AIM OF THE TASK:
In the records below, find the line with "Louis Vuitton boots", then retype it and every following line exactly, stopping after the line with "A view overlooking". Leave the pictures out.

RAW DATA:

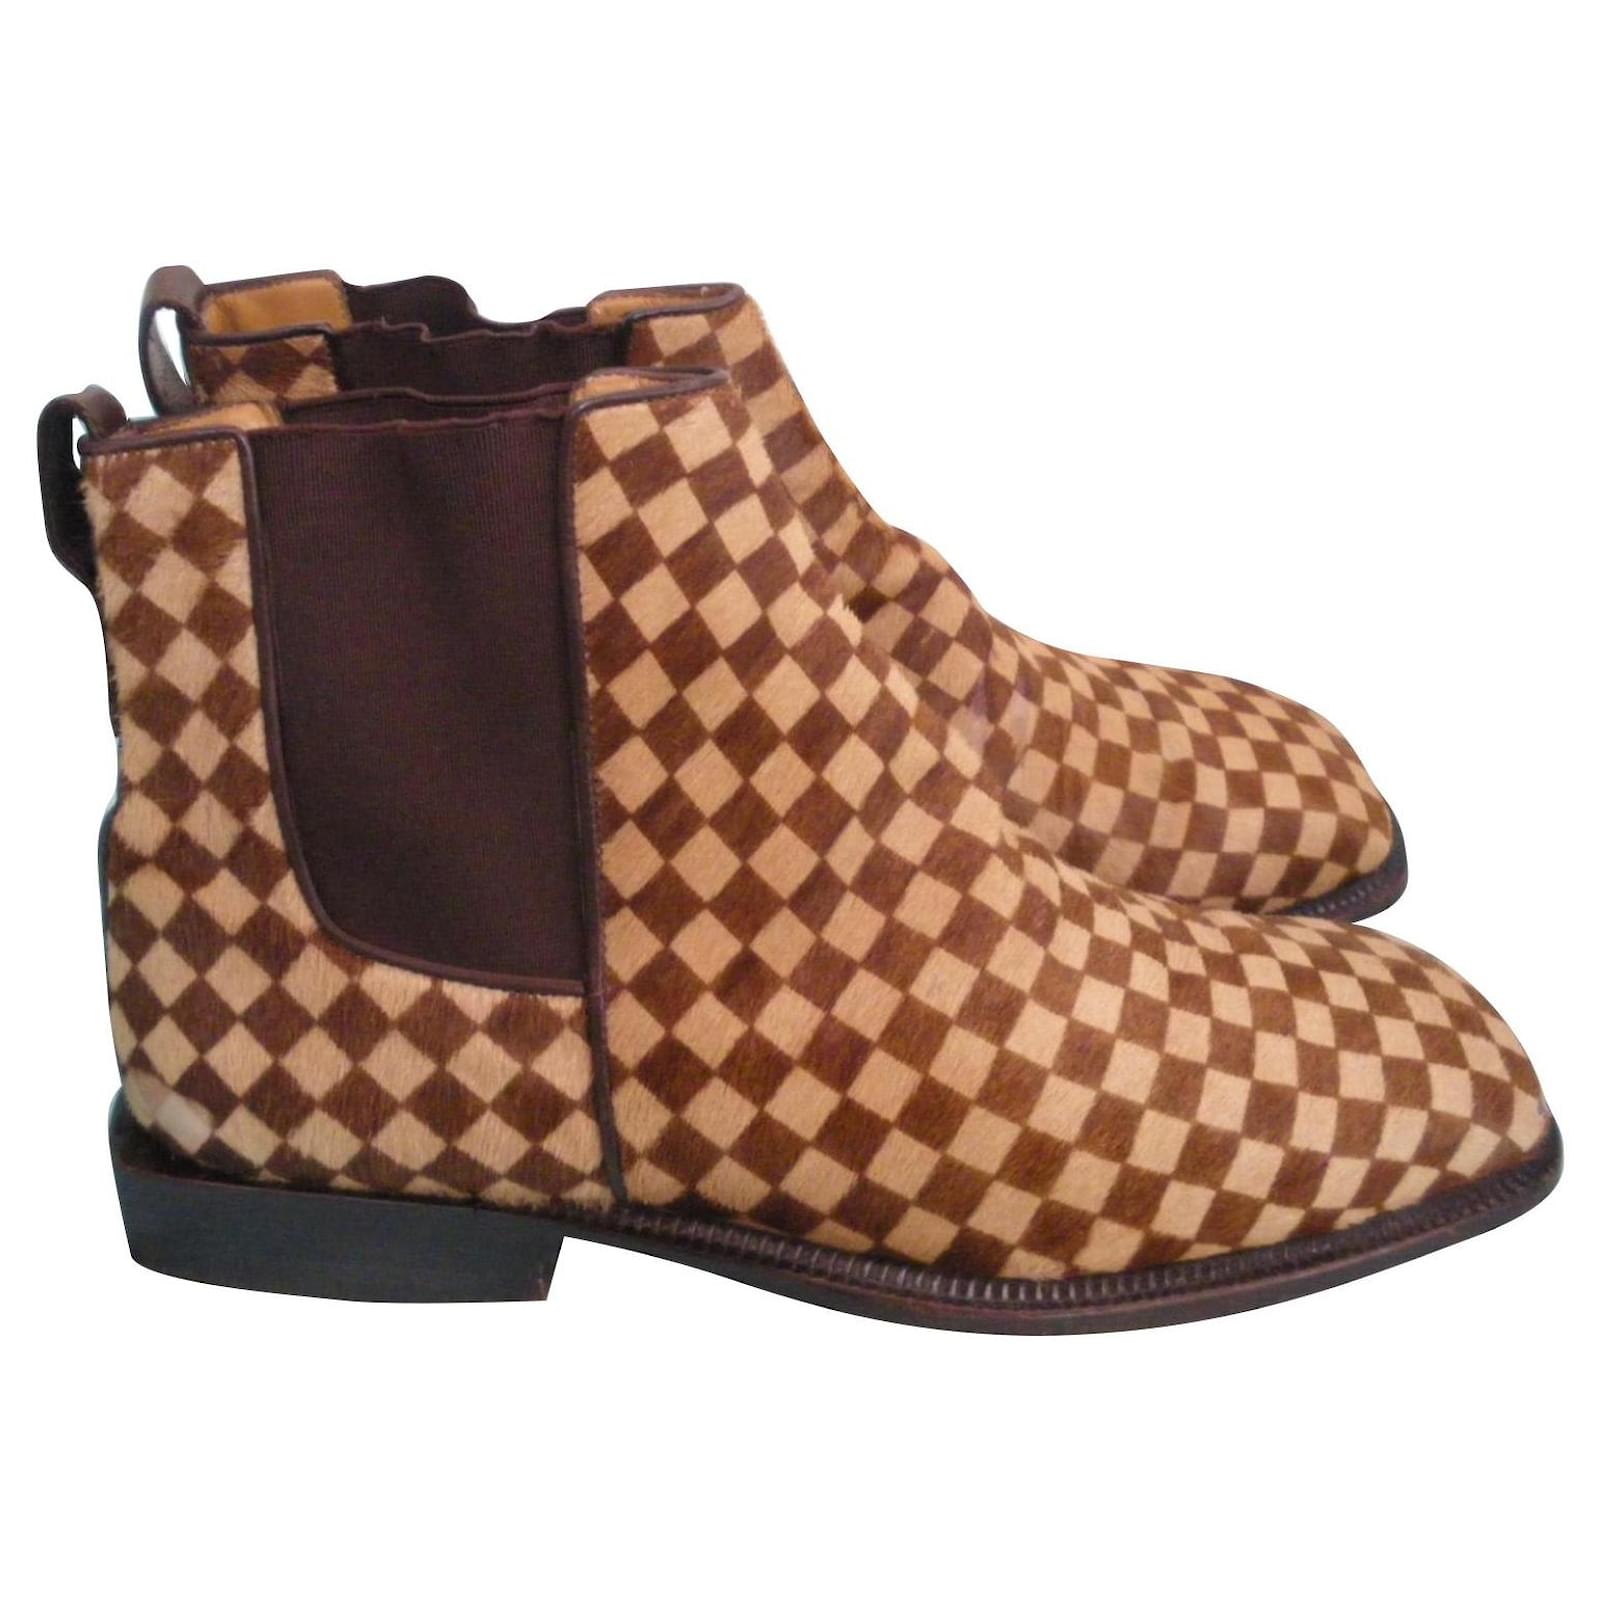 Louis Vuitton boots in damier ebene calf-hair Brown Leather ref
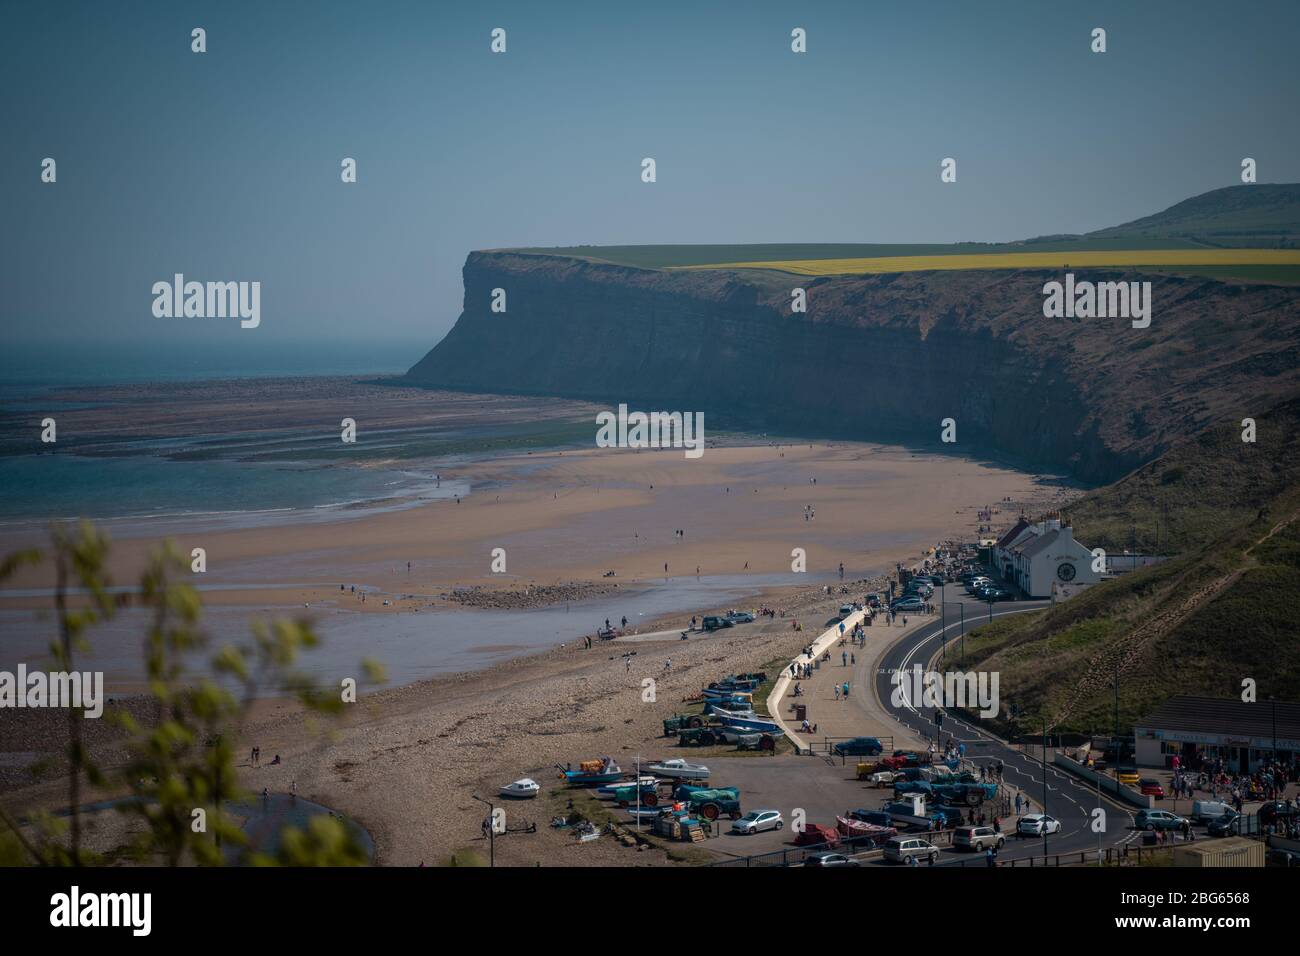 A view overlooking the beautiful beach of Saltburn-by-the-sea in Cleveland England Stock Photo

---

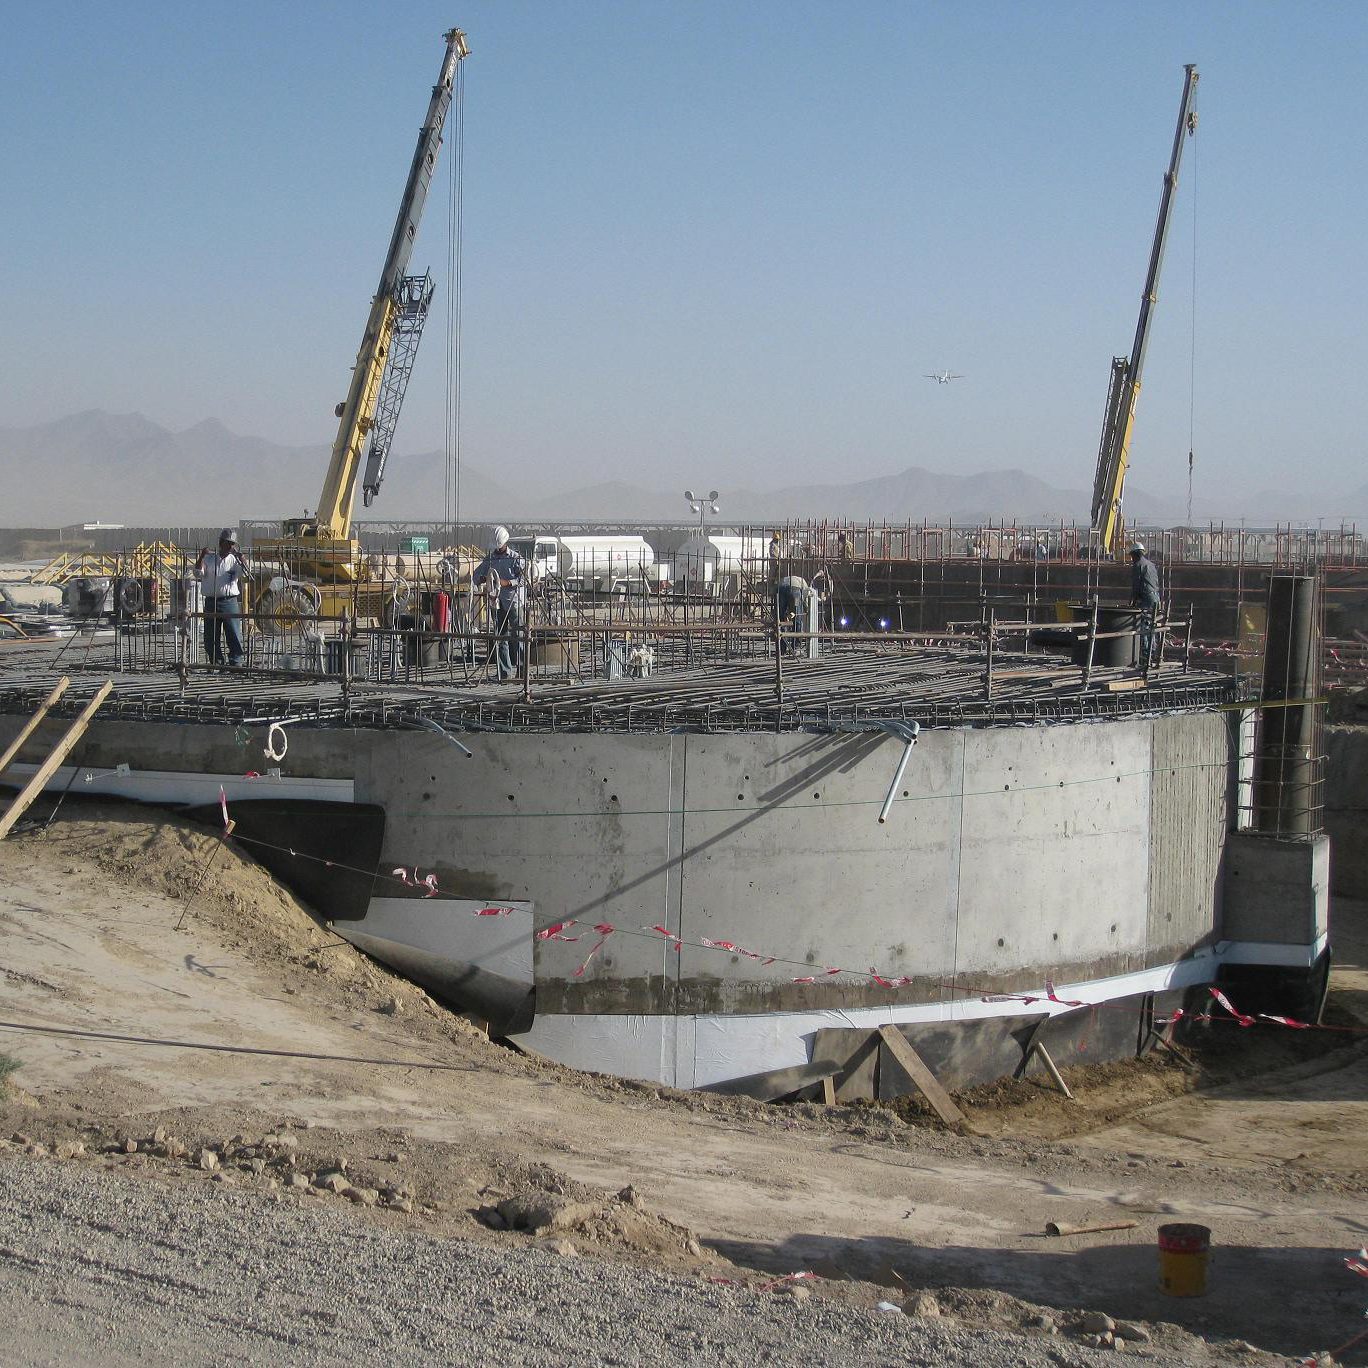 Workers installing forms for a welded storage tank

REPLY TO THE EXERCISE:
 Louis Vuitton boots in damier ebene calf-hair Brown Leather ref
 A view overlooking the beautiful beach of Saltburn-by-the-sea in Cleveland England Stock Photo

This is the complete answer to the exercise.